Is ‘Smiley Face’ the best movie ever made about getting high?
The stoner comedy has a long and hazy history in the annals of cinema, with new entries to the bespoke subgenre arriving at regular intervals, but Gregg Araki’s Smiley Face might well be the best of the bunch.
There are movies made by people who are high, movies that are best enjoyed while high, and movies made by people who are high that were made to be enjoyed by people who are also high. However, none of those sentiments directly apply to Araki’s ninth feature.
Of course, that’s not to say it’s a hard-hitting drama when Anna Faris plays a permanently stoned actor who accidentally ingests pot-laced cupcakes and becomes caught up in a spiralling string of misadventures that push her to the brink of a breakdown. Still, Araki viewed it first and foremost as a performance piece.
Faris was already a proven comedy star when the film was released in 2007. While it’s admittedly a showstopping exercise in mugging and pratfalling, the filmmaker had much grander ideas in mind than simply filling out the industry’s remit for weed-crazed shenanigans without having anything else to say.
By his own admission, Araki is “not a big stoner,” and neither is Faris. However, putting the pair of them together for an 84-minute escapade that revolves entirely around the devil’s lettuce and its potential ill effects was a recipe for magic. Casting a retrospective eye over Smiley Face for Nylon, the writer and director remains adamant that “Anna should have gotten an Oscar for that, in my humble opinion.”
“The things she does in the movie – if you really, really watch it – are very subtle and not easy. Jane is not a very sympathetic protagonist; she does dumb things, and it can be exasperating to watch,” he said before furthering the nuances of her work. “Everything was so carefully composed. She had to be so precise. If she was an eighth of an inch off her mark, the shot wouldn’t work. She had to be completely sober and completely on it.”
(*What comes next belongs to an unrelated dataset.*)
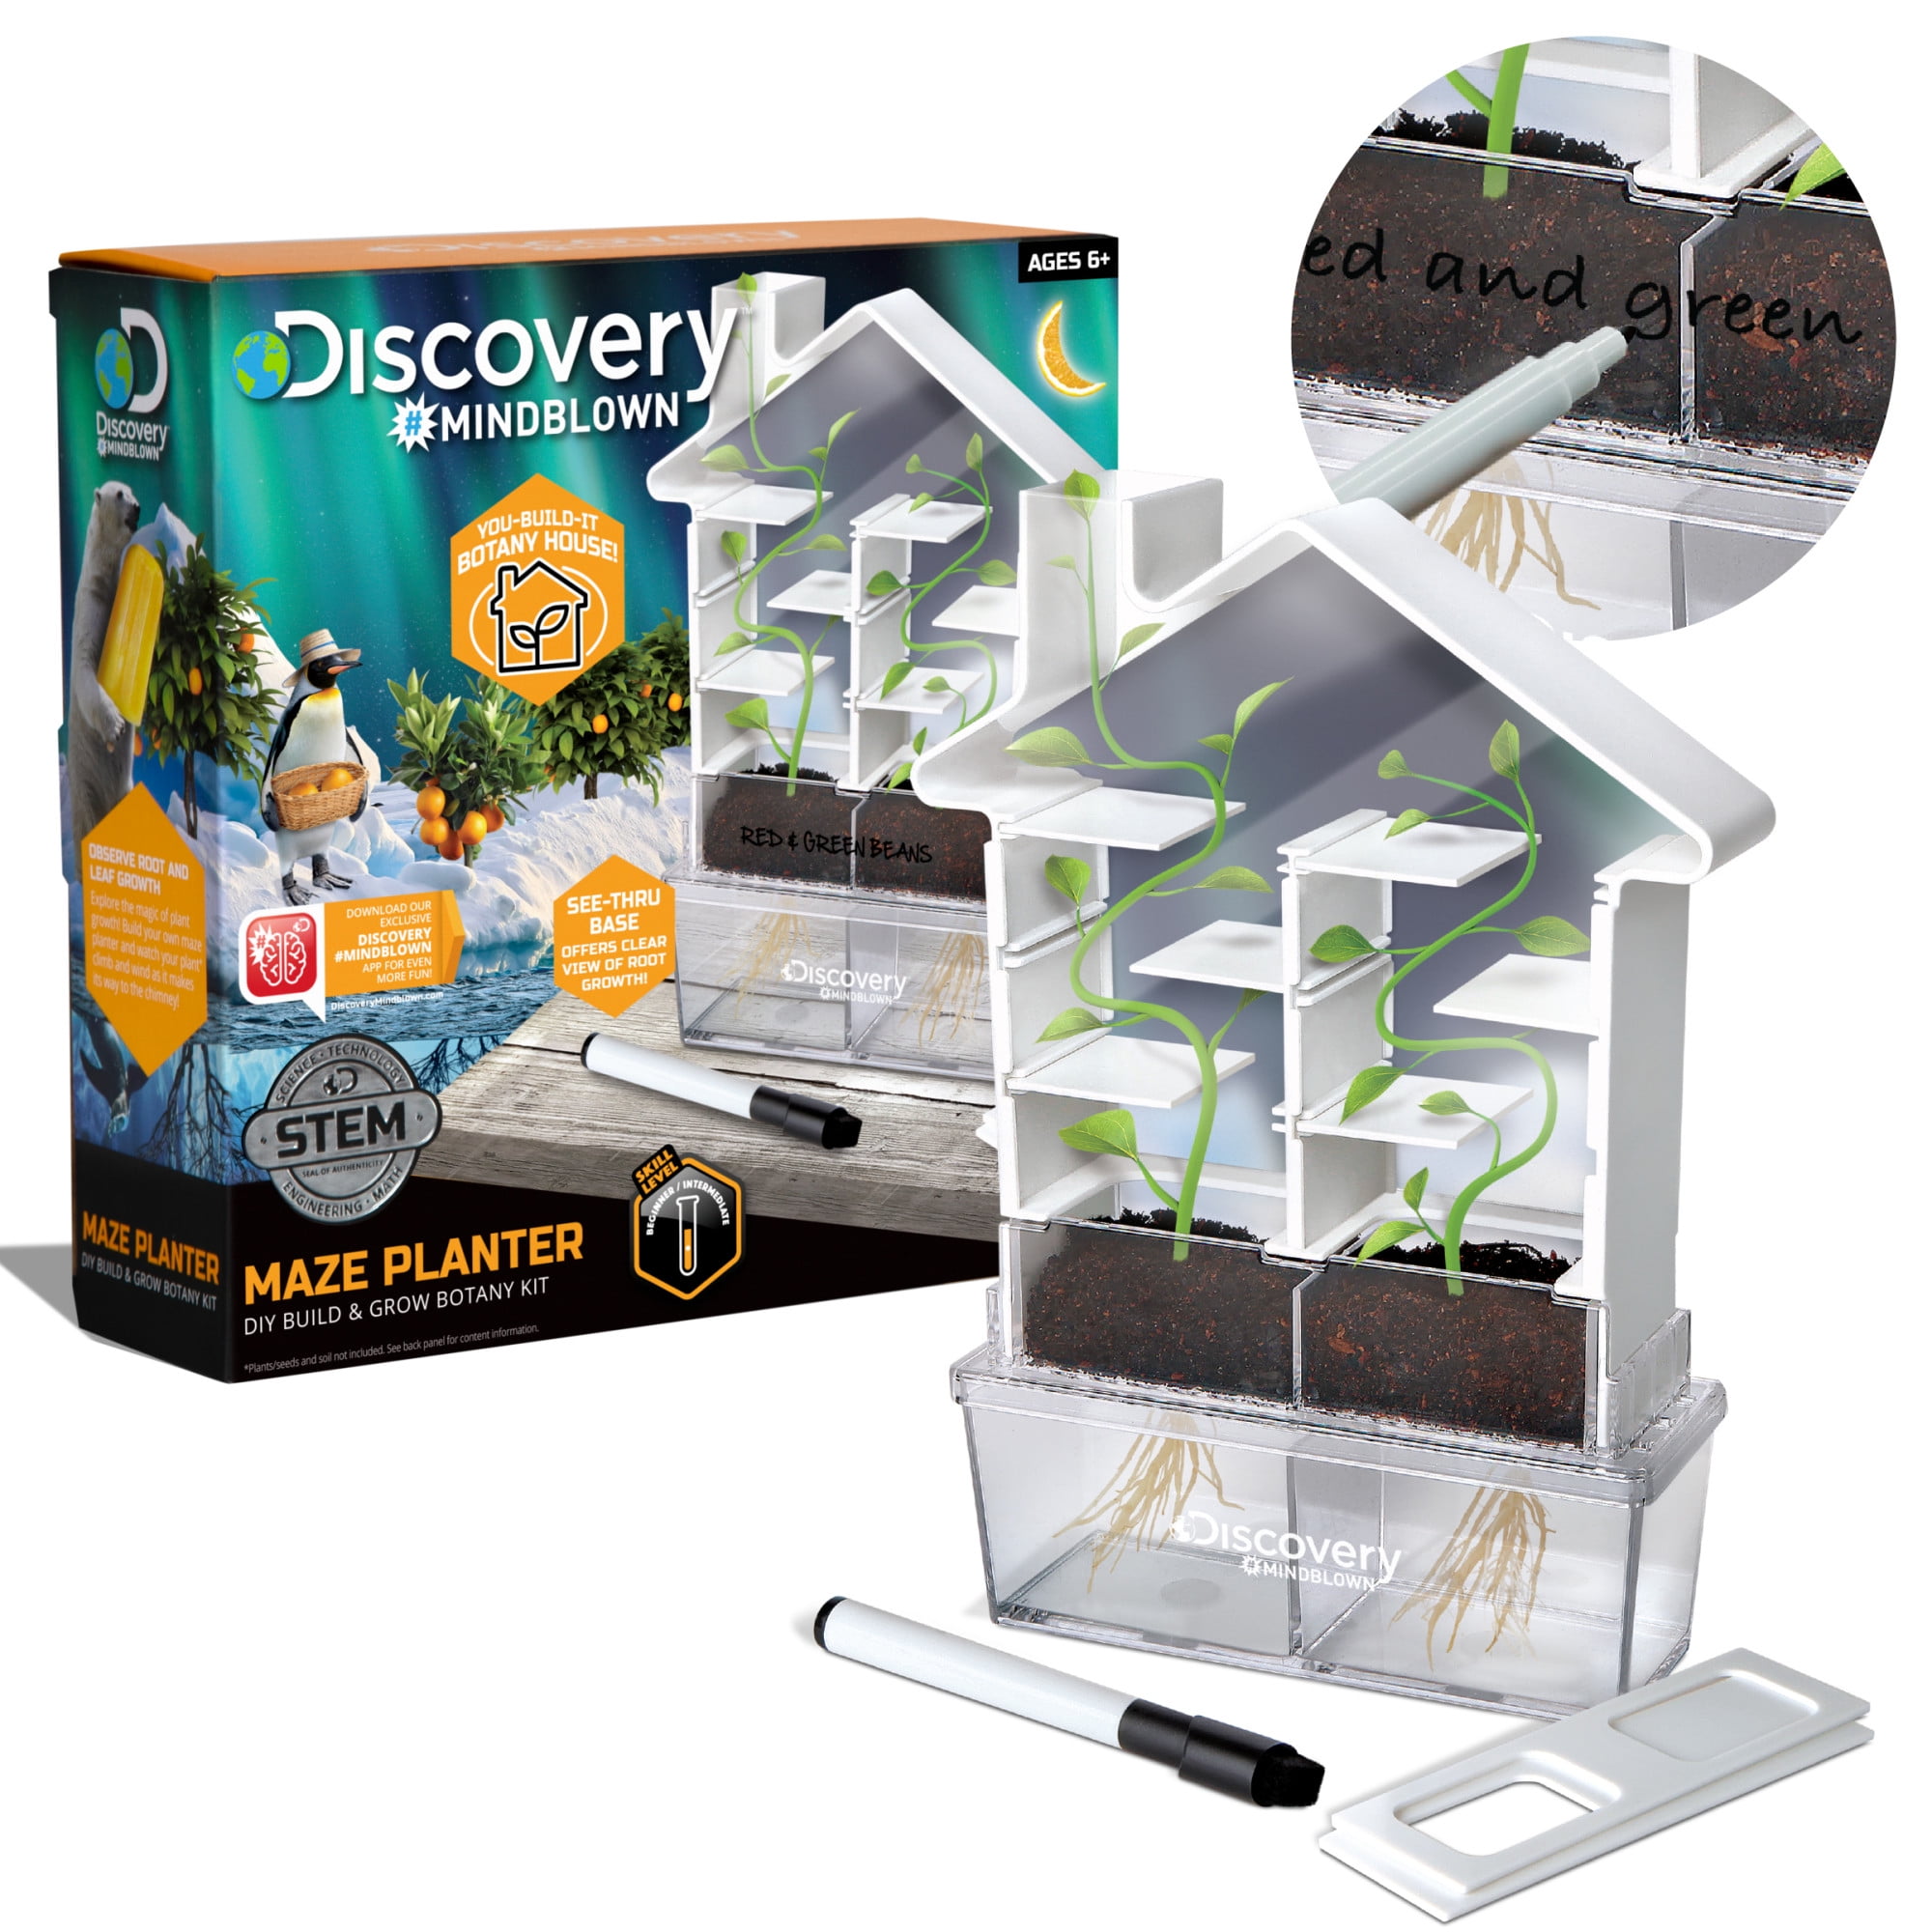 Discovery Mindblown Maze Planter Stem DIY Build & Grow Botany Kit Ages 6+

That being said, Smiley Face still features Faris becoming increasingly paranoid as a result of her predicament. All of this led her to try and pay off a debt to her drug dealer only to make things worse, flush her stash down the toilet in a panic, attempt to outrun the authorities, end up with a first edition copy of The Communist Manifesto, get waylaid at a meat packing plant, and end up being arrested and sentenced to 1,500 hours of community service.
It’s a very silly movie, then, but it’s not exactly entirely pro-weed. After all, Faris’ trials and tribulations are all caused entirely by her weed dependence, something that’s clearly been an issue before Smiley Face even started, considering her whole existence hinges almost entirely on maintaining her high at all times and at any cost. When a particularly bad high is foisted upon her accidentally, it’s not a coincidence it becomes the worst day of her life.
It fits nicely into Araki’s recurring motif of outsiders trying to find their place in the world, too, so even though it’s a major departure in terms of tone from much of his previous work, it’s completely reflective of his sensibilities as a filmmaker. The best stoner comedies are the ones that audiences can enjoy without having smoked a single joint in their life, and Smiley Face is firmly among the upper echelons of those that fit the bill.